Let $P(-2,3)\;\;,Q(-1,1)\;\;,R(s,t)$ and $S(2,7)$ be $4$ points in order on the parabola $y=ax^2+bx+c$. Then the coordinates of $R(s,t)$ such that the area of Quadrilateral $PQRS$ is maximum.
$\bf{My\; Try::}$ Here $P(-2,3)\;,Q(-1,1)\;\;,S(2,7)$ be the points lie on the parabola $y=ax^2+bx+c$
So Put $(x,y) = (-2,3)$ in $y=ax^2+bx+c\;,$ We get $4a-2b+c=3.................(1)$
Similarly Put $(x,y) = (-1,1)$ in $y=ax^2+bx+c\;,$ We get $a-b+c=1...........(2)$
Similarly Put $(x,y) = (2,7)$ in $y=ax^2+bx+c\;,$ We get $4a+2b+c=7...........(2)$
Now Solving These three equation , We get $a=1\;,b=1\;,c=1$
So we get equation of parabola be $y=x^2+x+1$
Now $\bf{Area\; of\; Quadrilateral\; PQRS = Area\; of \; \triangle PQR+Area\; of \; \triangle PRS}$
So Area Of Quadrilateral $$A(s,t) = \begin{vmatrix} -2& 3 & 1\\ -1& 1 & 1\\ s & t & 1 \end{vmatrix}+\begin{vmatrix} -2& 3 & 1\\ s& t & 1\\ 2 & 7 & 1 \end{vmatrix}$$
So $$A(s,t) = 2s+t+1+20+4s-4t = 6s-3t+21$$
Now $R(s,t)$ lie on $y=x^2+x+1.$ So we get $t=s^2+s+1$
So we get $$A(s) = 6s-3(s^2+s+1)+21 = -3s^2+3s+18$$
So using Derivative Test $A'(s)=-6s+3$ and $A''(s)=-6$
So for Max. or min., Put $\displaystyle -6s+3=0\Rightarrow s=\frac{1}{2}$ and $\displaystyle t=\frac{1}{4}+\frac{1}{2}+1 = \frac{7}{4}$
My Question is can we solve it any Shorter way, Means Maximise area using Inequality or Geometrically
If yes Then plz explain here.
Thanks
All that calculation was really unnecessary.
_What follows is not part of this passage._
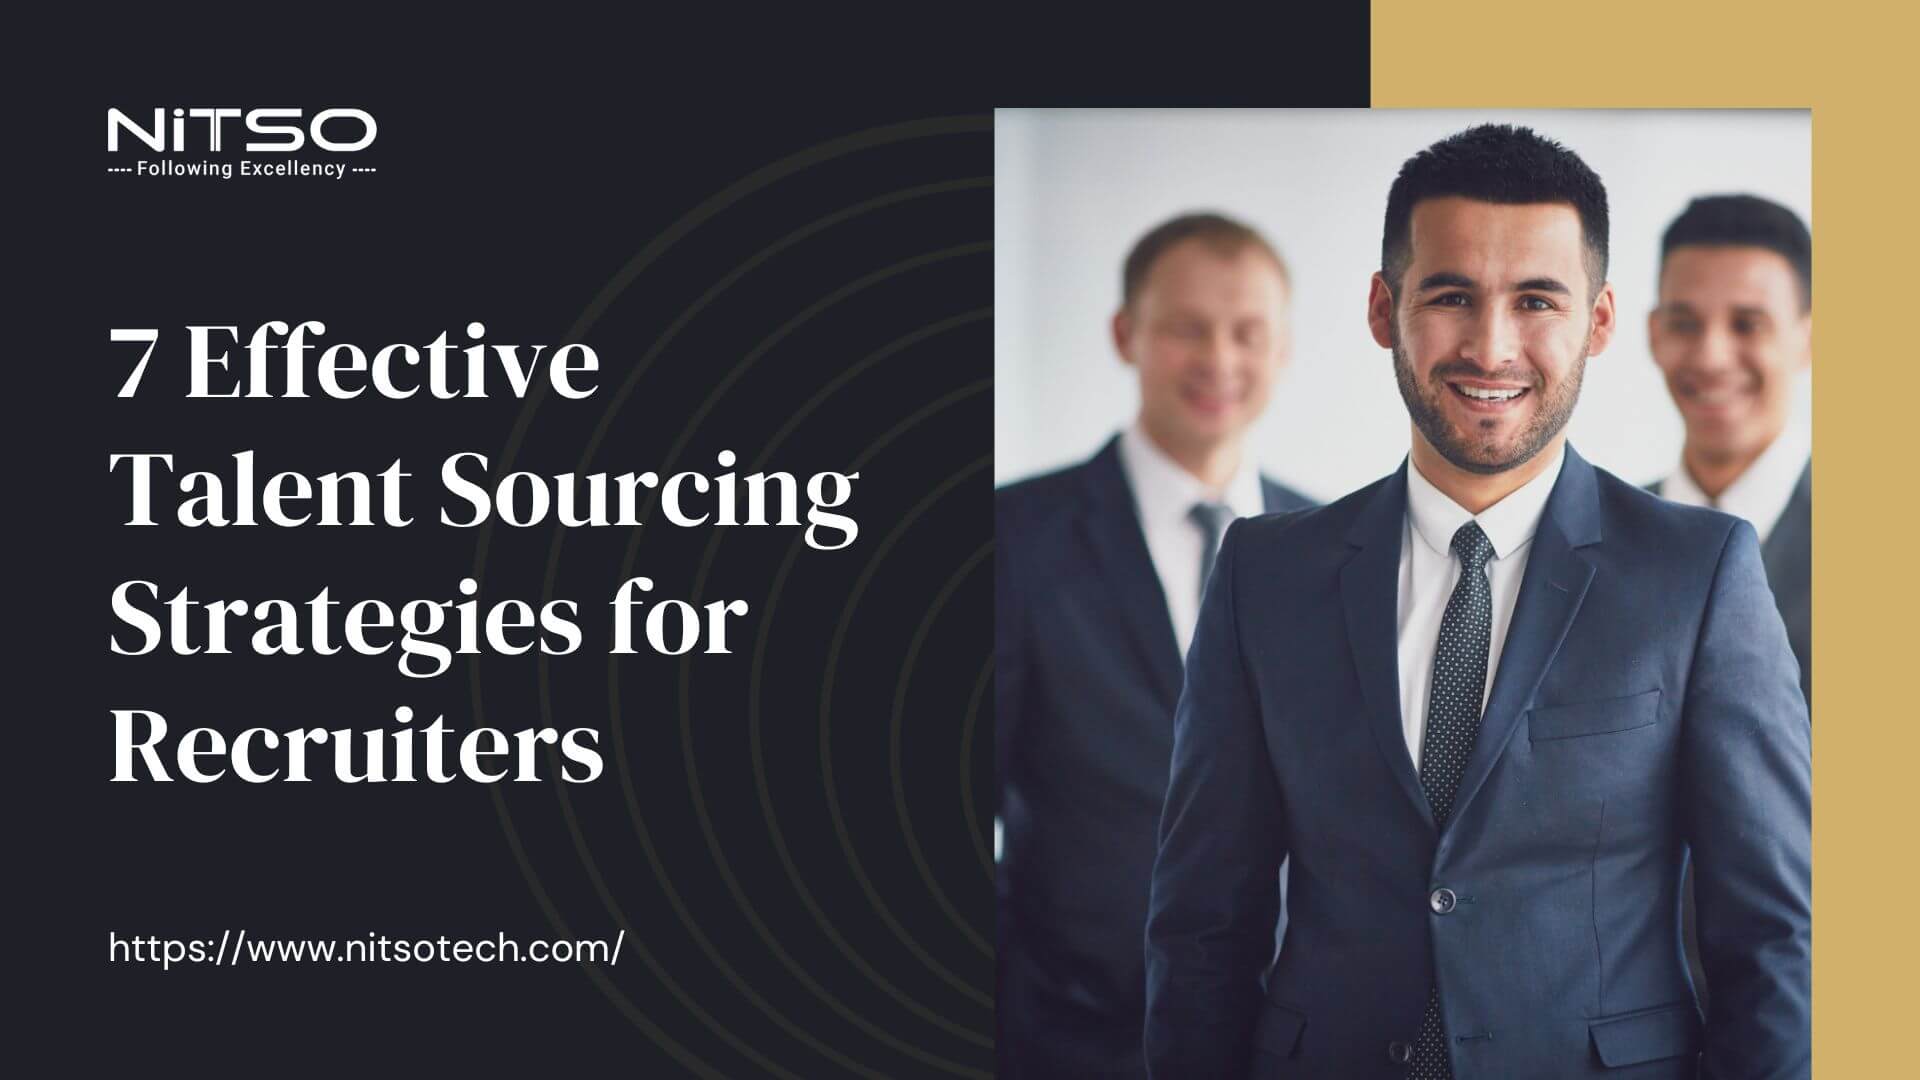 Talent Sourcing Strategy: A Guide for Recruiters

Here's a fast way:
The area of the quadrilateral PQRS is equal to the sum of the areas of the triangles $\triangle RQS$ and $\triangle PQS$. And since the area of the triangle $\triangle PQS$ is fixed, we need only to maximise the area of the $\triangle RQS$
Additionally since the base QS of the $\triangle RQS$ is also fixed, we need to just maximise the height corresponding to it. To do so we find the point R on the parabola where the tangent is parallel to the base QS.
Doing so, we have $y'=2x+1=2\implies x=\frac 12$ and therefore $R\equiv(\frac 12,\frac 74)$